Theory of huge tunneling magnetoresistance in graphene
F. Zhai, K. Chang

TL;DR
This paper presents a theoretical study of giant tunneling magnetoresistance in graphene modulated by ferromagnetic layers, highlighting the effects of magnetization alignment and electric barriers on electron transmission.
Contribution
It introduces a theoretical model explaining how magnetic and electric barriers in graphene can produce large, tunable tunneling magnetoresistance effects.
Findings
Klein tunneling occurs at specific oblique angles in parallel magnetization.
Transmission is blocked in antiparallel configuration by magnetic-electric barriers.

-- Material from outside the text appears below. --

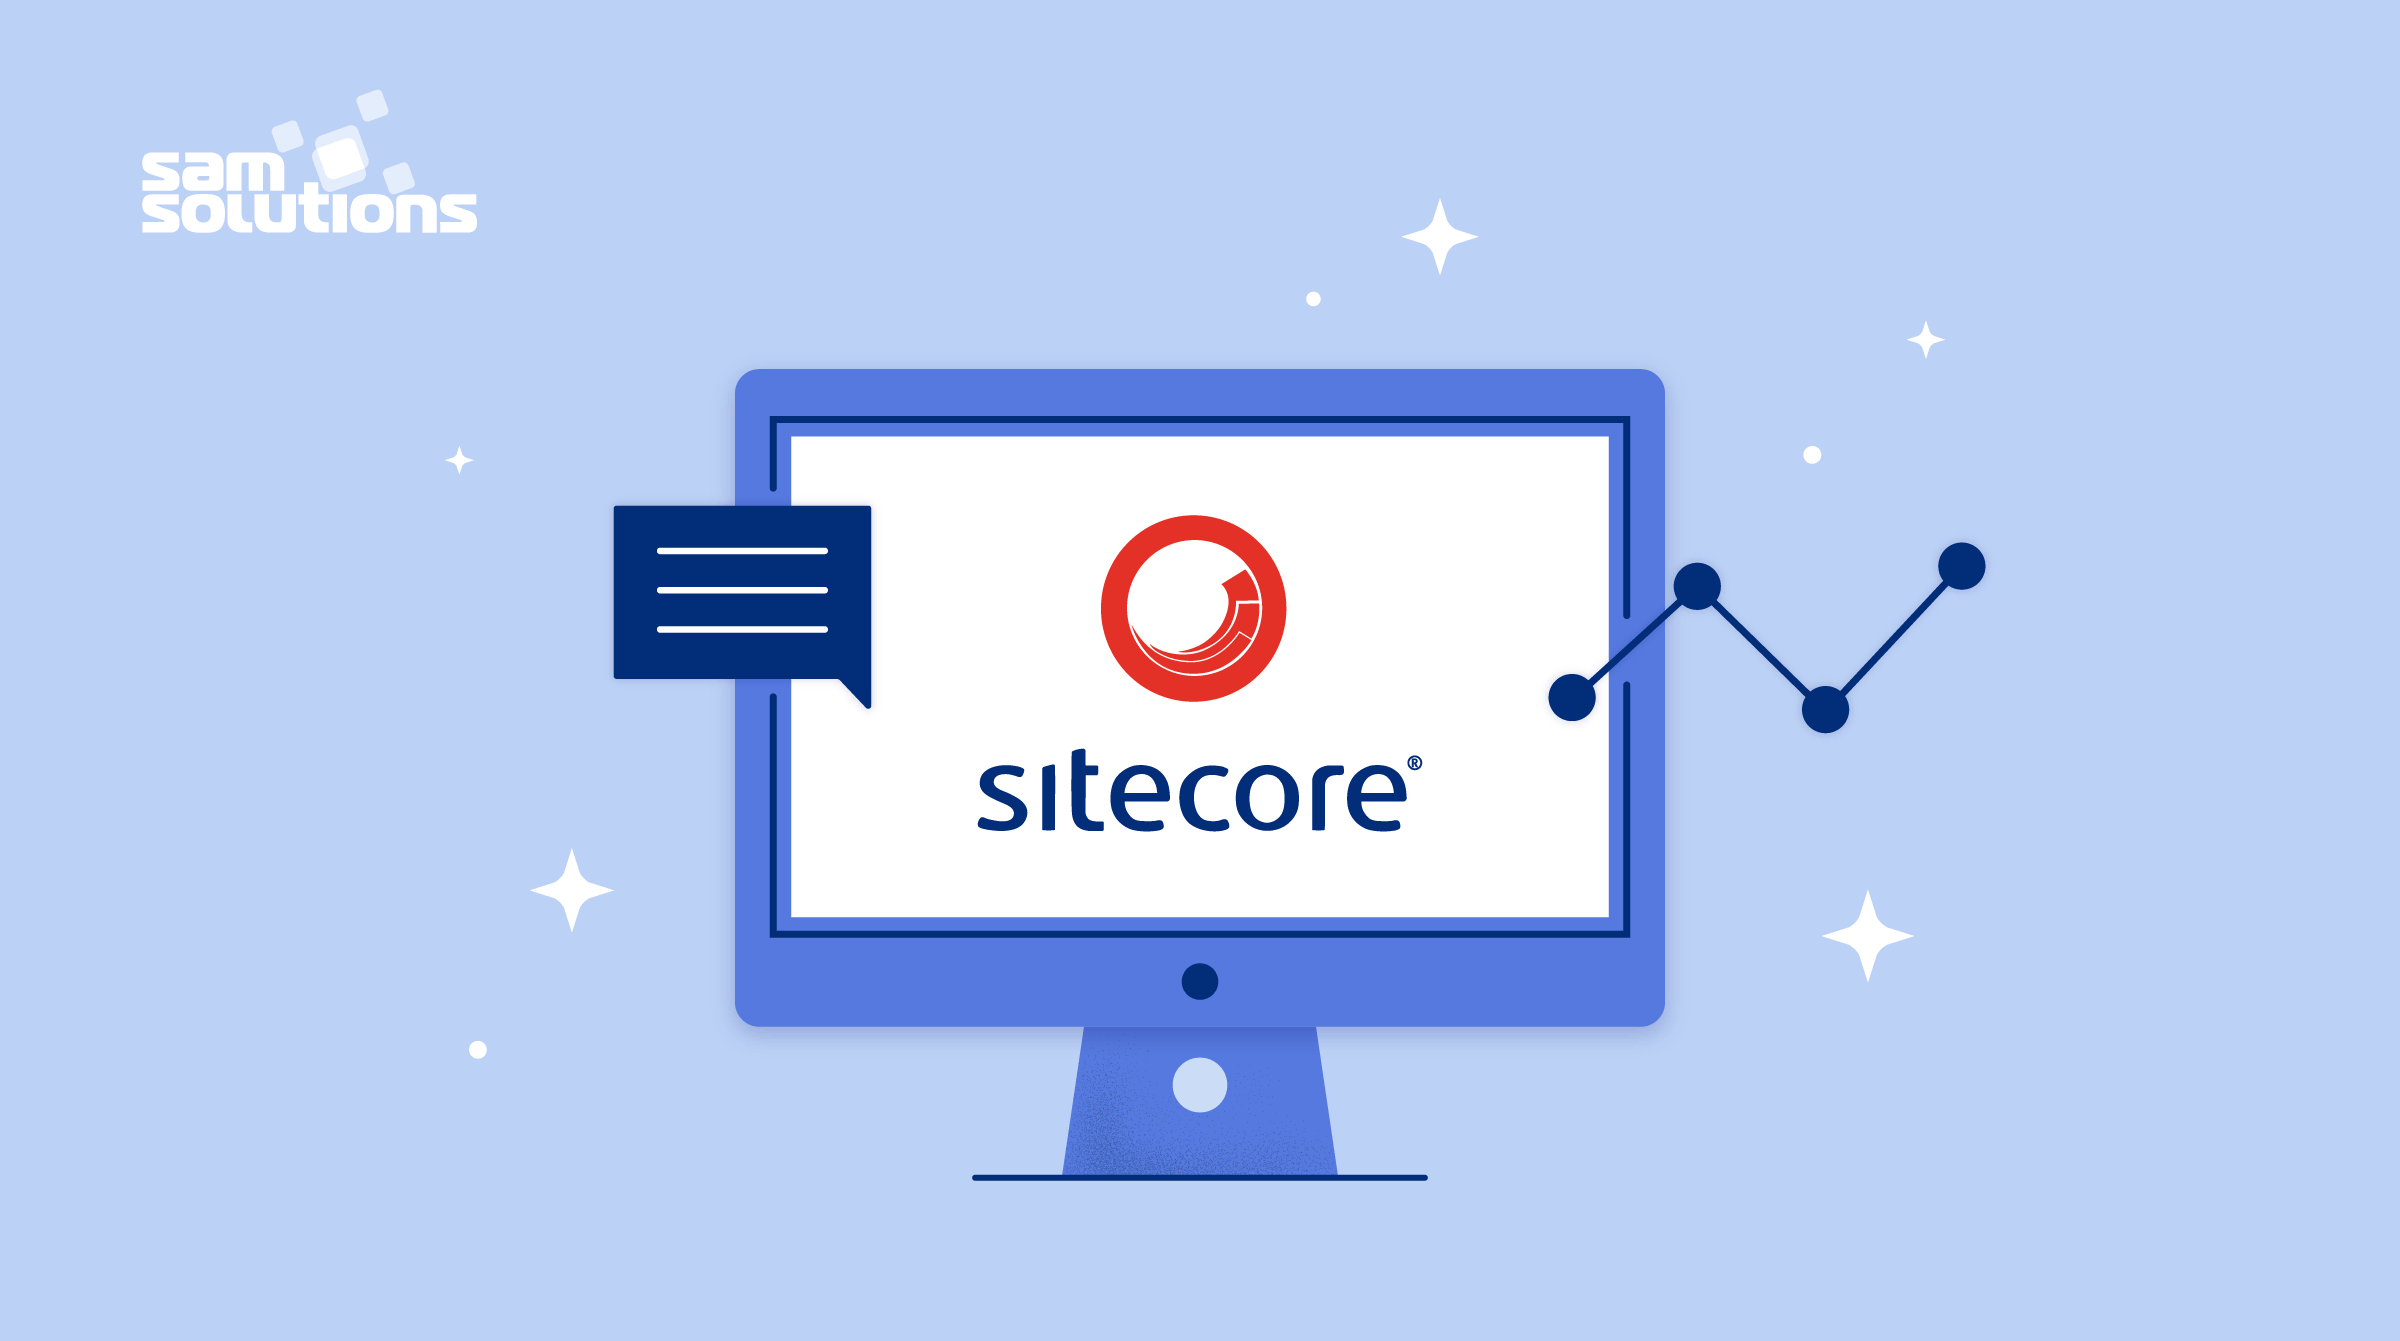 sitecore visit definition

The magnetoresistance ratio can be significantly tuned by electric barriers.
Abstract
We investigate theoretically the spin-independent tunneling magnetoresistance effect in a graphene monolayer modulated by two parallel ferromagnets deposited on a dielectric layer. For the parallel magnetization configuration, Klein tunneling can be observed in the transmission spectrum, but at specific oblique incident angles. For the antiparallel magnetization configuration, the transmission can be blocked by the magnetic-electric barrier provided by the ferromagnets. Such a transmission discrepancy results in a tremendous magnetoresistance ratio and can be tuned by the inclusion of an electric barrier.